Dear Readers of NLQ,
You may have noticed that it has been a while since I posted an installment of my chronological story. I was doing some “research” in order to get more writing done this morning. I dug out my old journal kept during the time of my clinical depression and subsequent treatment. When I read it, I was so enraged at the pain and abuse inflicted on me, I was too angry to write coherently.
I stomped around the house swearing for a while.
I was so dependent on my ex for every thing – emotionally, physically spiritually. I was angry at the hell he put me through so he could follow “God”. I was angry at myself for not being what I thought he wanted me to be but mostly I was angry at the abuse that I really didn’t aknowledge before. When all this was actually happening, Vyckie and I were talking in my bedroom during a home church service. We were happily nursing our babies and I was telling her some of my woes. She said right out that my ex was emotionally abusing me. I didn’t see that at all. It was something that I was doing wrong. I wasn’t submissive enough. I wasn’t meek enough, I wasn’t spiritual enough, understanding enough.

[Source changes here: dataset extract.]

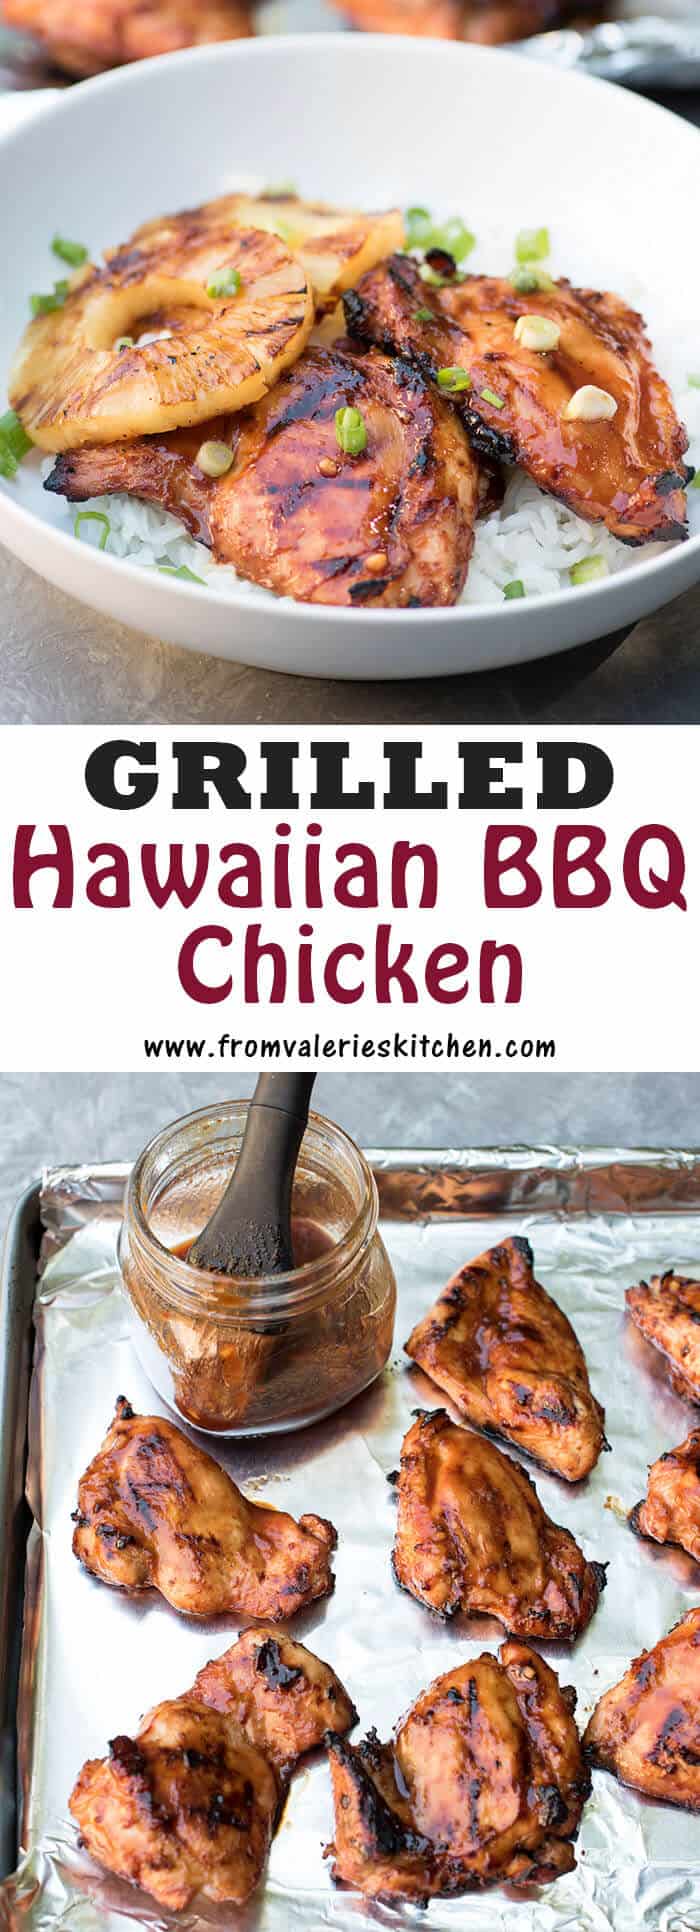 Grilled Hawaiian BBQ Chicken | Valerie's Kitchen

I beat my self up over my failure. And I begged my ex to meet me half way. When he didn’t…I hated him for it. And then I felt guilty, guilty, guilty. I saw it in my journal.
For the last few years, I have been labeled the bad guy in the demise and death of my marriage. It is my fault somehow and my ex is the victim. After I read my journals, I saw that who ever thinks that this was Laura’s fault is wrong. Maybe I should publish them in all their painful glory. Maybe then those folks who think that I am such a horrible person for “abandoning my children” will get off their pious horse and see the hell that drove me to leave.Ok…I am done..I will get to work on my story…I just wanted to explain why I haven’t continued it yet.